Но вот наконец и обнаружилось: Соню кладут на операцию. Что именно у нее хотят отрезать, секрет, но по хмурости папы видно, что не какой-то там пустяк. Соня как-то враз похудела и постарела в свои двадцать семь лет, пожелтела и усохла, но по-прежнему дает частные уроки и почти уже собрала на двухкомнатную квартиру. И вот она пропадает на целый месяц, и Дима живет у себя дома, счастливо избавленный от полуторачасового «Светит месяц». Надя собирает по училищу деньги на дорогие лекарства, и кто-то порой недобро усмехается за ее спиной: «Знает, что выкорябает обратно своего Наумчика…» Усмешки эти питаются скандальным слухом о надиной беременности, и это в сорок два года! Хотя спросить напрямик никто пока не решается. Все только шепчутся и шипят: такие они, бабы, вечно подсиживают друг друга, рвут друг у друга изо рта. В конце концов оказывается, что так оно и есть, и посреди учебного года, тринадцатого февраля, она рожает девочку.
Вот ведь какая неслыханная, редкая удача: теперь у Димы есть сестра! Она лежит в его бывшей кроватке с высокими перилами, под его старым голубым стеганым одеяльцем, в его полинявшем от стирок ситцевом чепчике, и часто улыбается в своем еще неземном, ангельском сне. И Дима в свои девять лет чувствует себя ее верным и вечным защитником, и новая, до этого не изведанная им братская нежность приделывает ему самому маленькие ангельские крылышки: Таисия, Тая, Таечка.

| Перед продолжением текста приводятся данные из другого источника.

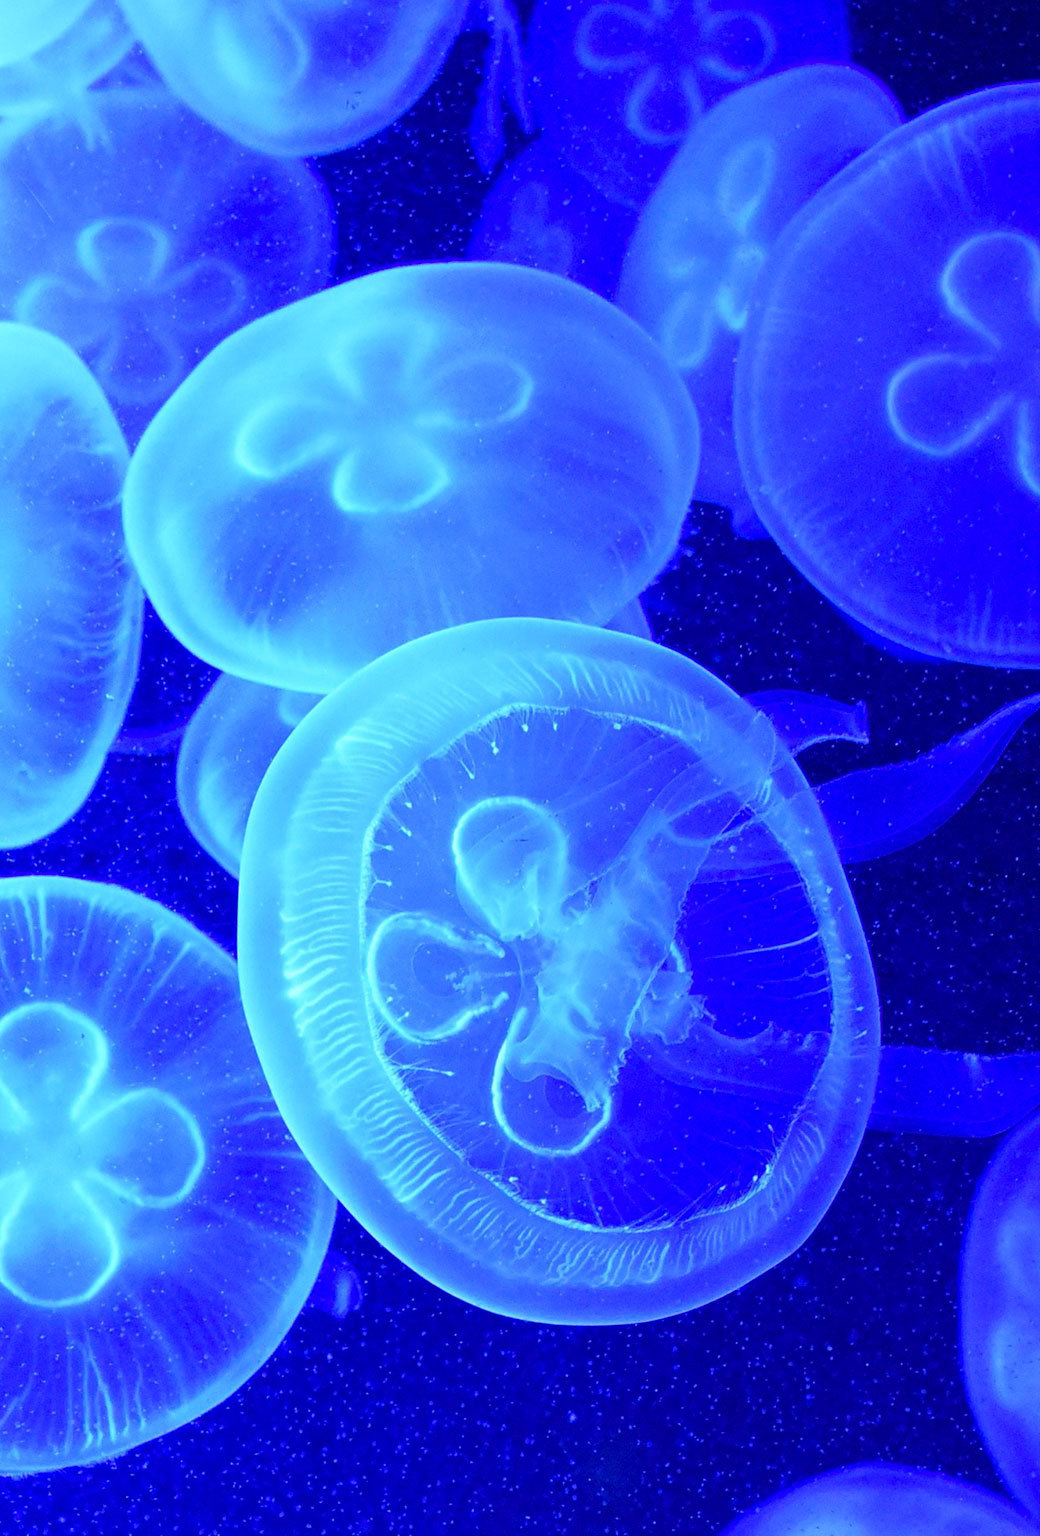 sfondi dalla ortografia alla z,blu,medusa,blu elettrico,acqua,cnidaria

Папа совсем их забыл и больше не приходит, и Дима тревожно подумывает: может, Тайка и не его дочь? Тогда чья? Он спрашивает у мамы, а та молчит, будто что-то далекое-безвозвратное вспоминает. Наконец папа все-таки пришел, серый и раздраженный, на Тайку даже не глянул, не принес ей гостинца. И Дима подслушивает, стыдясь за самого себя, их кухонный разговор, и выносит из раздраженного многословья мало понятную ему новость: тетя Соня больше никогда уже никого не родит, у нее вырезали всё. И уж совсем ничего нельзя было понять из нервно-истеричных, совсем уже бабских папиных криков: раз у нее вырезано всё, ему и спать-то с ней противно! И надо Соню теперь видеть: куда подевались подушки бедер?.. где счастливое, сытое, уверенное в себе смешливое воркованье? Короче, он готов вернуться к… Димке. От этой нежданной счастливой вести у Димы даже пропал горячий и липкий шпионский стыд: теперь-то папа будет дома! Но тут же и смылась эта радость сомнением: а Женька, значит, будет без папы… Но Надя тут же и решает вопрос: оставайся с Соней. Сказала тихо, но решительно, без комментариев. И он ушел.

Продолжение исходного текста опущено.